Research topics

Soil bacteria interact with metals and radionuclides (RN) and can modify their chemical speciation, thus modulating their mobility and bioavailability. Radionuclides are chemo- and radio-toxic elements that can in turn induce cellular stress and against which certain species exhibit a high tolerance capacity. At the environmental level, the role of bacteria in the transfer of RN, particularly in the soil and to plants, is still very poorly understood. At the cellular level, the molecular mechanisms involved in detection, transport, response and tolerance to RN are not yet characterized.
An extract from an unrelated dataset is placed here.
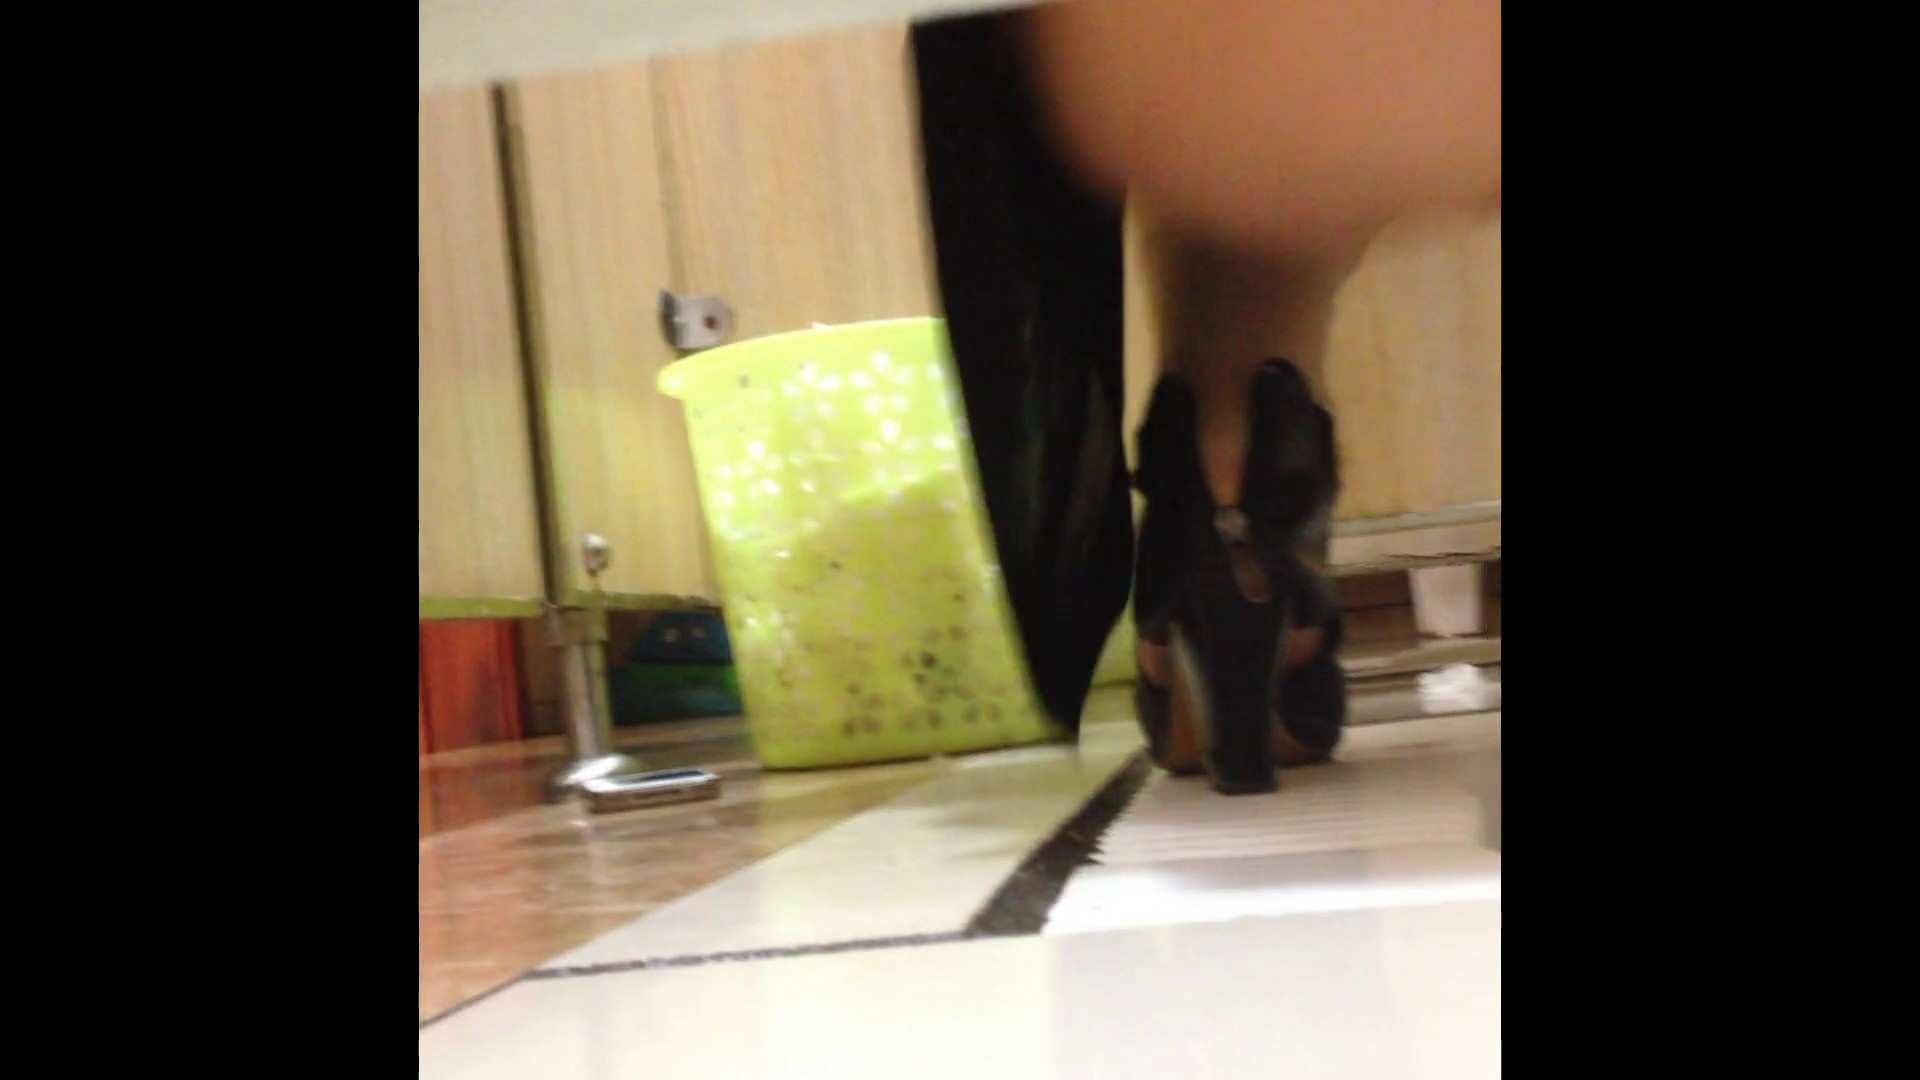 芸術大学ガチ潜入盗撮 JD盗撮 美女の洗面所の秘密 Vol.86 洗面所 | 美女  93pic 67

In this context, we are studying :

• The cellular response and mechanisms of tolerance to uranium in strains isolated from radionuclide-rich soils using a multidisciplinary approach combining molecular biology, biochemistry, genomics, proteomics and biophysics (Gallois et al. J Proteomics 2018)
• The mechanisms of sequestration of alkaline earths (in particular calcium and strontium) by a photosynthetic bacterium and its potential for bioremediation (Mehta et al. 2019, HARLEY project)
• The role of bacteria in the transfer of uranium to plants (RADONORM and INSPECT projects)

For the experimental part, we are equipped with a laboratory dedicated to the handling of bacteria in the presence of radioactive elements (SALTO).
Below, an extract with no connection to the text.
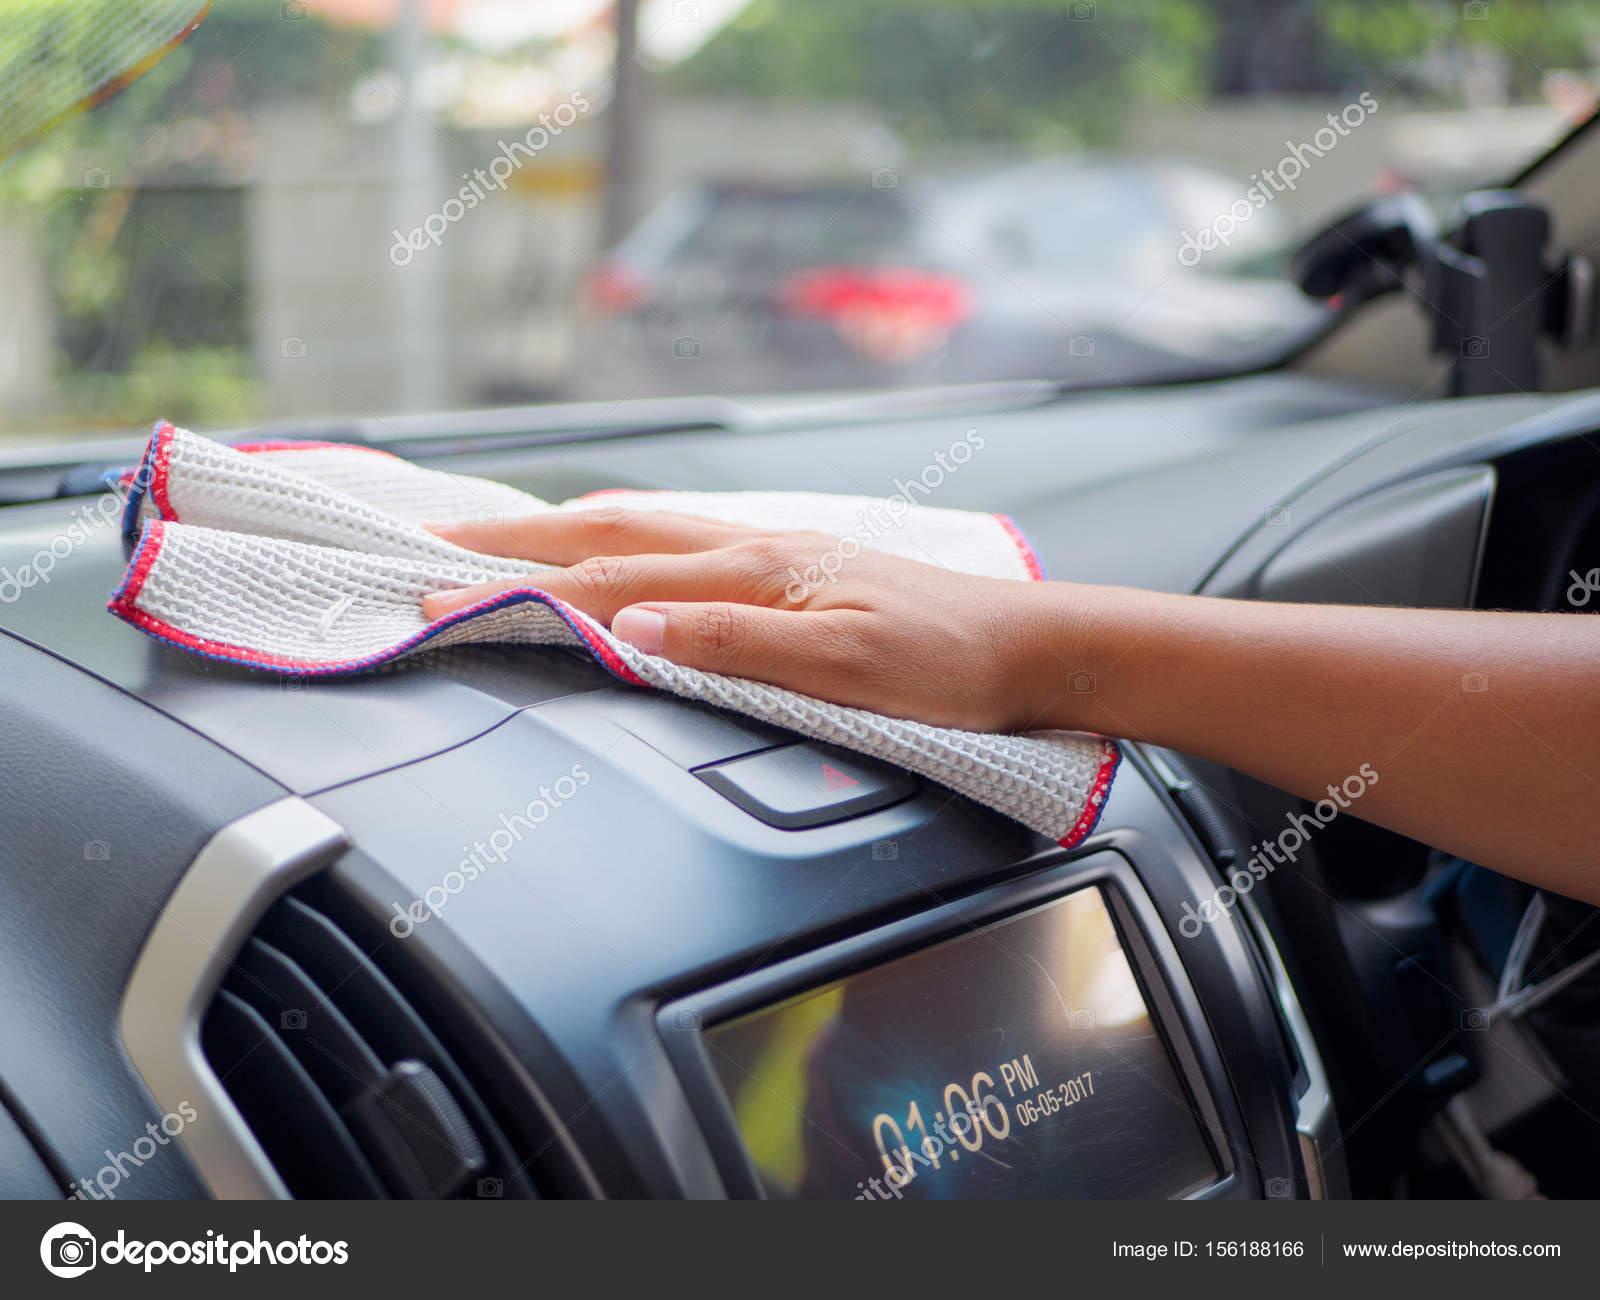 hand reinigen interieur auto met microvezel doek stockfoto

1- COBALT OXIDE PARTICLES TOXICITY –  EDF FUNDING

The existence of cases of human contamination by accidental inhalation of cobalt in the form of radioactive oxides in EDF installations justifies the need for research on the toxicity and behaviour of these particles. We previously addressed the chemical toxicity of cobalt oxides on lung cells using the stable cobalt isotope 59Co. Even if the effects of the emitter 60Co have been widely described in the literature for external irradiation, these effects are not known after internal contamination.
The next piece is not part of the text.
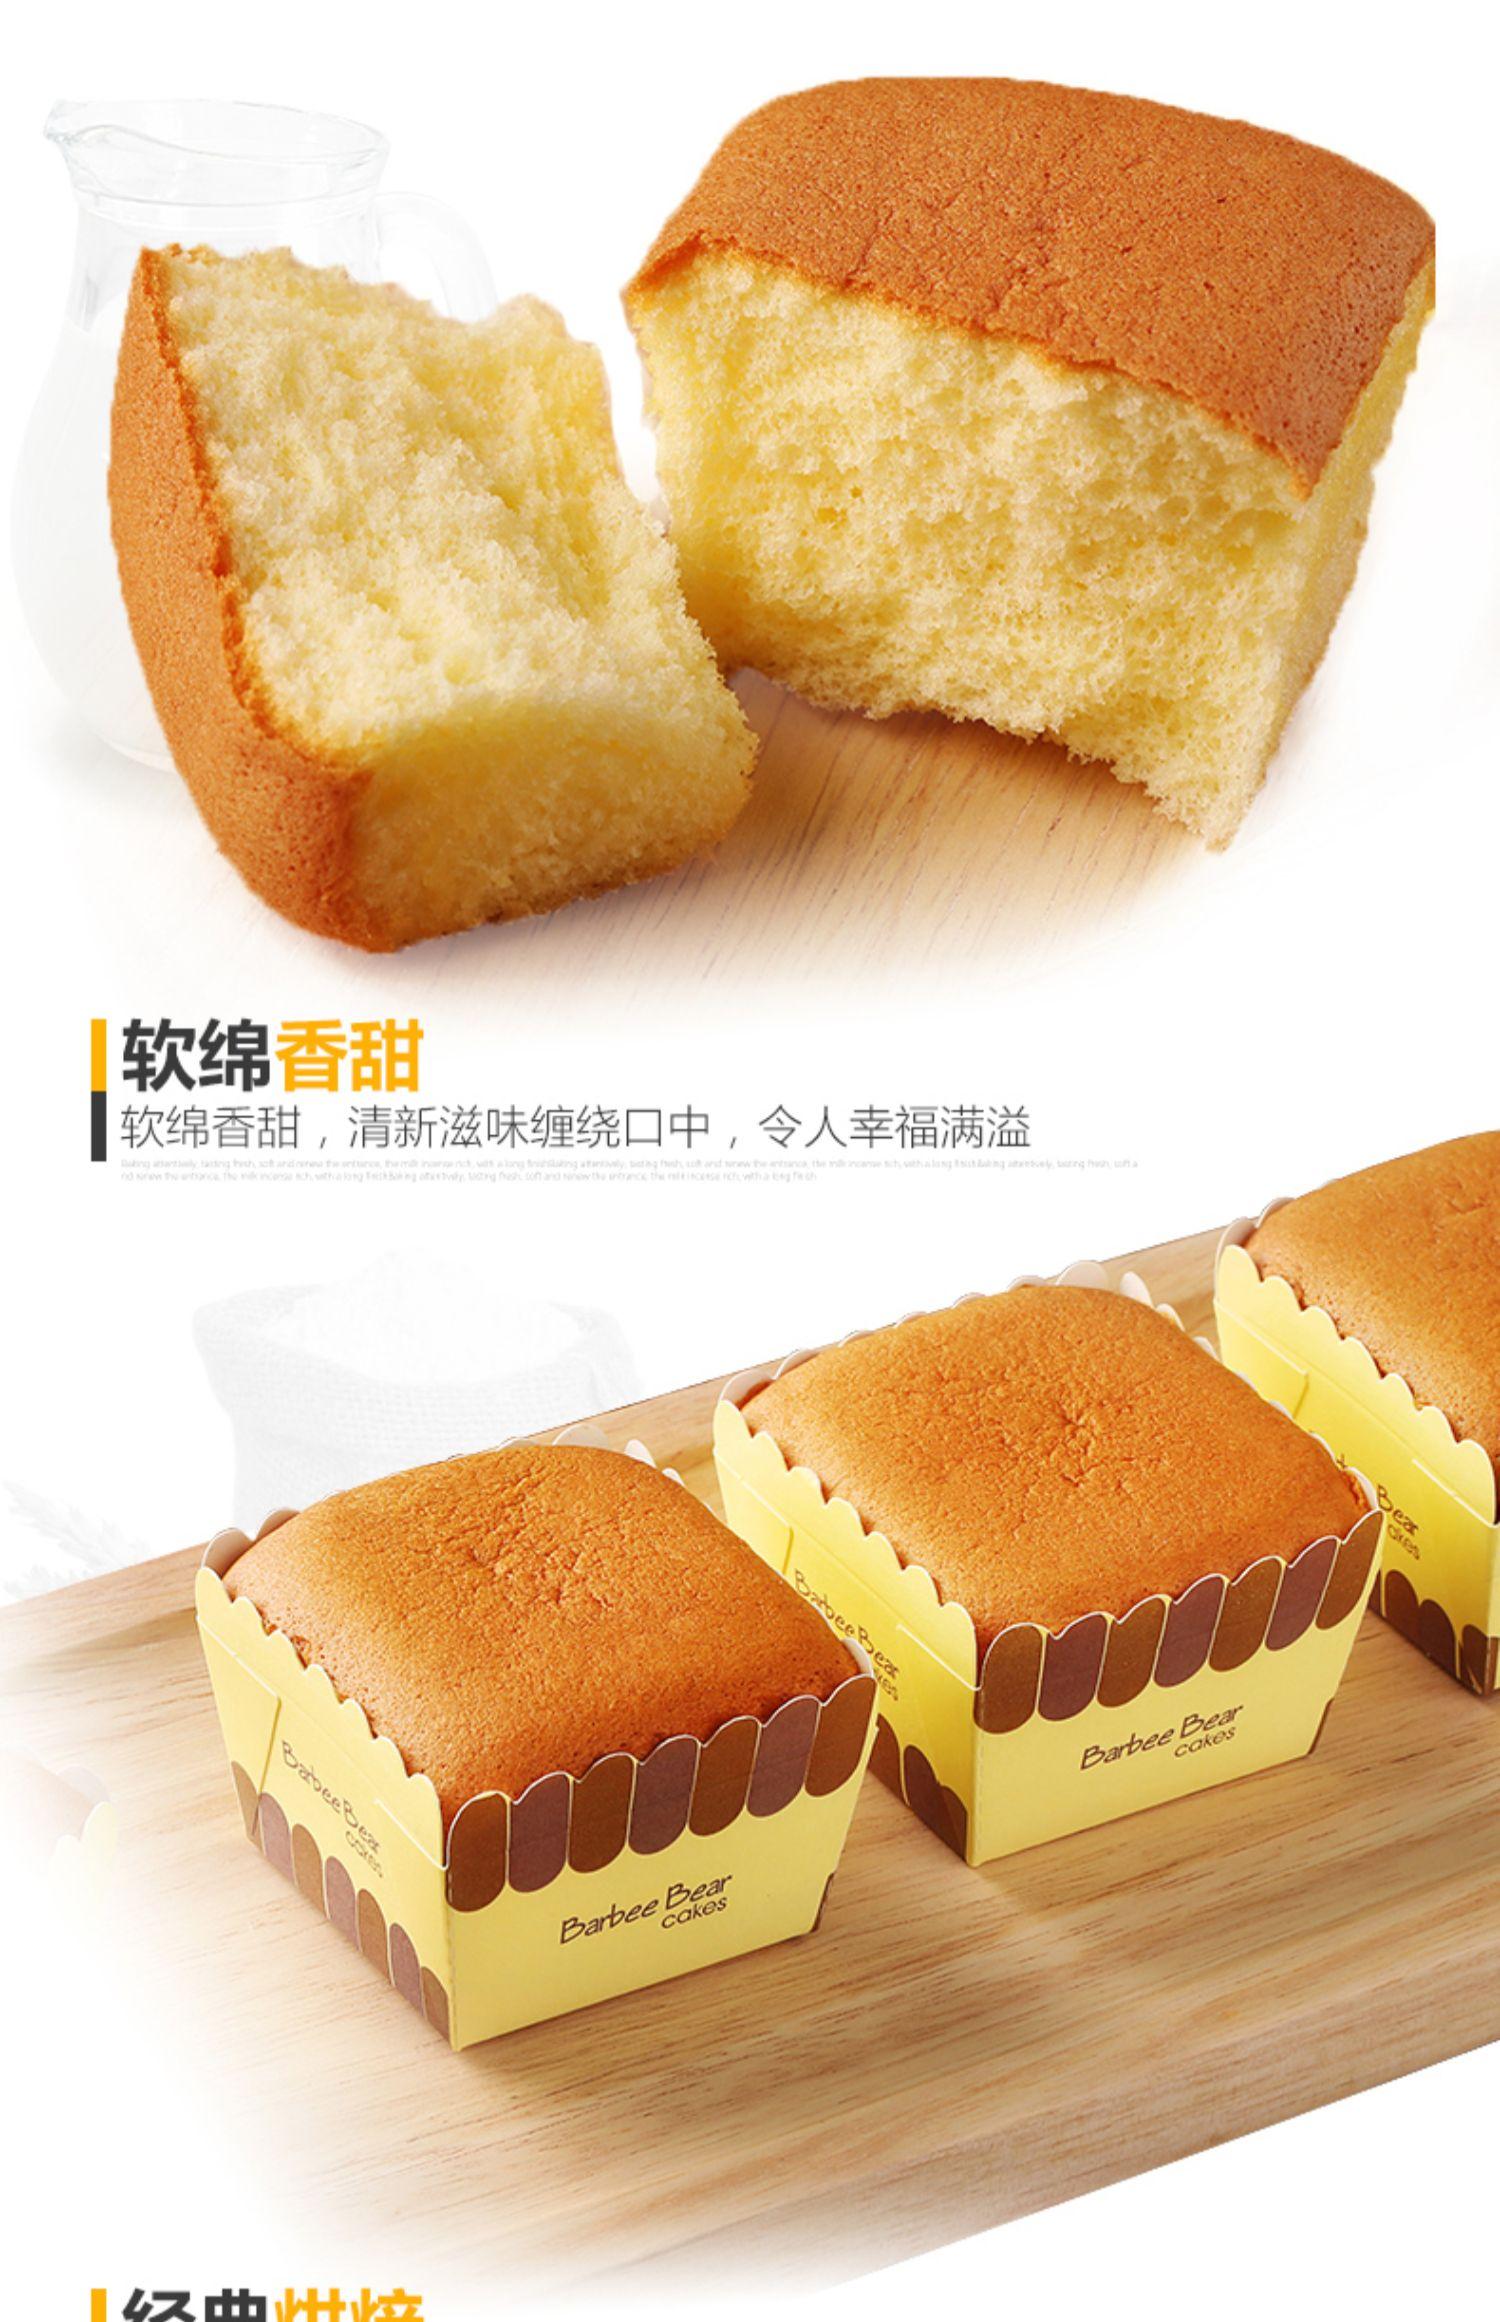 【巴比熊】芝士蛋糕夹心零食整箱510g

Internal contamination by 60Co particles results in chronic, localized irradiation due to the long-term retention of the particles in the body. Therefore, the in vivo behaviour of 60Co particles and the design of specific decorporants represent a strong interest both for nuclear manufacturers such as EDF and for public health. The objective of our project is to identify and test in vitro and in vivo molecules that increase the dissolution of Co particles to decrease pulmonary retention and promote the excretion of cobalt. Through an extensive screening based on dissolution studies of other metal oxides, we selected molecules with different properties, such as redox potential and chelating ability, and greatly improved the dissolution of the particles as compared to controls (1). The ongoing work is now focused on dissolution in cellular models, and on decorporation studies in vivo to identify new therapeutic strategies.

2- TRITIATED DUST AND DISMANTLING

 http://transat-h2020.eu/

Launched in September 2017, the European Horizon 2020 TRANSAT (TRANSversal Actions for Tritium) project will last 48 months with a total budget of nearly €4 million. Coordinated by CEA, it gathers 18 partners from 8 European countries.

During the decommissioning of nuclear facilities, operations are intended to remove or eliminate any tritiated material. These operations generate fine airborne dust, namely aerosols. The workpackage 3 is dedicated to the study of the consequence of a release of tritiated stainless steel and cement particles in terms of radiotoxicology and ecotoxicology (2). The outcomes foreseen in this project will help radiation protection authorities, IAEA and other nuclear safety advisory organisms to assess more precisely the radiobiology, dosimetry, genotoxicology and ecotoxicology of tritiated micron and sub-microns particles.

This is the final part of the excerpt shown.